For the detection scheme of the flowing state of the molten steel in the crystallizer, the following methods are generally adopted by those skilled in the art: the device comprises a funnel immersed in molten steel of a crystallizer, an empennage fixedly connected with the funnel and an indicating rod fixedly connected above the funnel, wherein the indicating rod is supported on an indicating disc through a rotary bearing and can rotate in a plane relative to a tray, the rotary shaft is supported on the upper end of the indicating rod of the indicating disc and is connected with a pull rod, a stress strain gauge is pasted on the pull rod, and the stress strain gauge on the pull rod is connected with a signal transmission line to a signal collector. Although the detection device and the detection method of the application can detect the flowing speed and the flowing direction of the molten steel, the detection device and the detection method can only measure the flowing speed and the flowing direction of the molten steel at one point of the molten steel in the crystallizer, cannot reflect the change of a molten steel flow field in the whole crystallizer, and have limitations.

Disclosure of Invention

The invention aims to solve the problem that the flow field change of molten steel in a crystallizer is difficult to measure in the prior art, and provides a device for measuring the flow field change of the molten steel in the crystallizer based on current change.
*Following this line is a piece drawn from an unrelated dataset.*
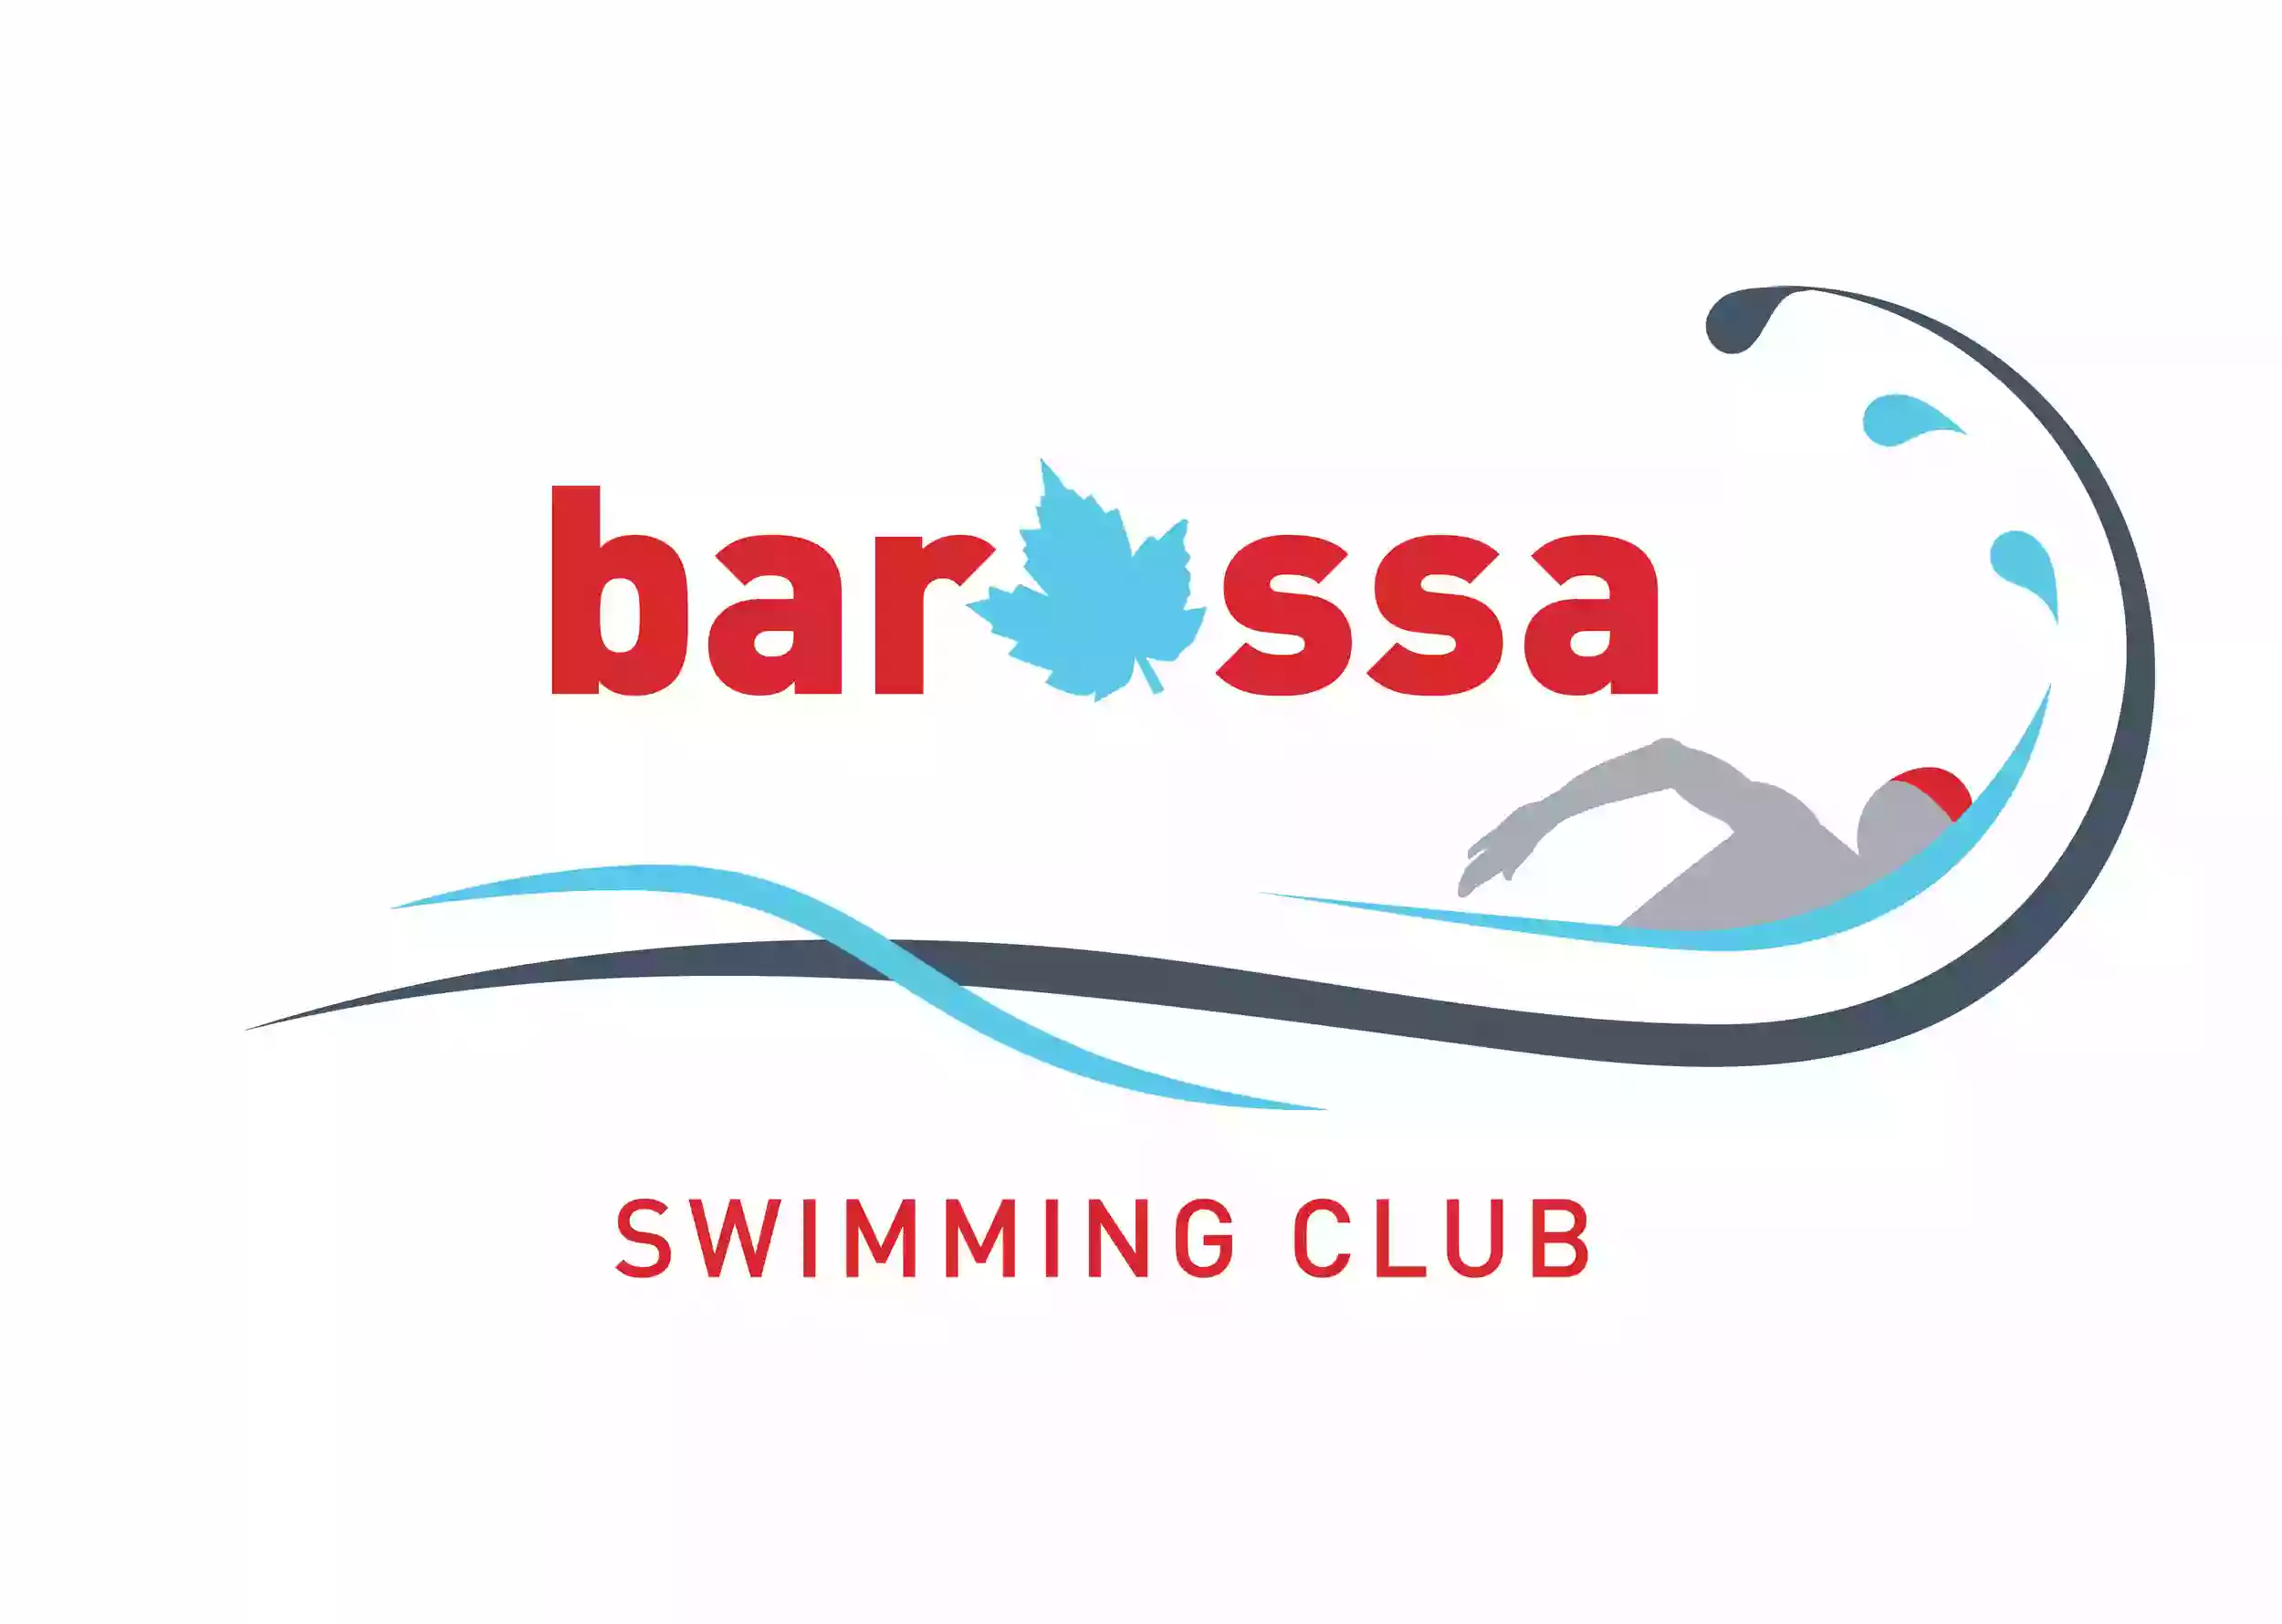 Barossa Swimming Club

In order to achieve the purpose, the technical scheme provided by the invention is as follows:

the invention discloses a device for measuring a flow field of a molten steel surface in a crystallizer based on current change, which comprises an insert pin, an ammeter, a power supply, an insert pin fixing plate and a voltmeter, wherein the insert pin is vertically fixed on the insert pin fixing plate, the insert pin, the ammeter, the power supply and a crystallizer copper plate are respectively connected in series by utilizing a lead, and the voltmeter and the insert pin are connected in parallel.

Preferably, the plug pin is cylindrical, the plug pin is composed of resistors and refractory materials, the resistors are distributed equally along the inner surface n of the refractory material cylinder, the current meter is connected with the resistors through leads, and the value range of n is 8-16.

Preferably, the length of the plug pin fixing plate is the distance between the inner wall surface of the crystallizer copper plate close to the water gap and the outer diameter of the water gap, and the width of the plug pin fixing plate is the width of the crystallizer copper plate; a plug pins are uniformly arranged on the bottom surface of the plug pin fixing plate along the length direction, b plug pins are uniformly arranged along the width direction, the value range of a is 1-15, the value range of b is 1-5, and the size and specification of the cross section of the crystallizer can be expanded properly; the bottom surfaces of the inserted nail and the inserted nail fixing plate are arranged on the same plane.

Preferably, the inserted nail fixing plates are symmetrically arranged on two sides of the water gap, and the bottom surfaces of the inserted nail fixing plates are kept horizontally.

Preferably, the height h of the inserted nail is higher than the thickness of the covering slag, the value range of h is 150-180 mm, and the diameter of the inserted nail is d and is 8-10 mm.

Preferably, the resistance value of the resistor is R, which is smaller than that of the molten mold flux resistor, the material of the resistor is a high-temperature alloy resistor, and the heat-resistant temperature is not lower than 1600 ℃.

Preferably, the plug pin further comprises a heating member, which is cylindrical and is disposed inside the cylinder of the plug pin.

Preferably, the heating temperature of the heating part is consistent with the temperature of the molten steel.

Preferably, the heating member is silicon molybdenum rod heating or electromagnetic heating.

Preferably, the crystallizer is all conventional crystallizers suitable for steel enterprise production, including but not limited to slab crystallizers, rectangular slab crystallizers, square slab crystallizers, round slab crystallizers, H-type crystallizers, and the like.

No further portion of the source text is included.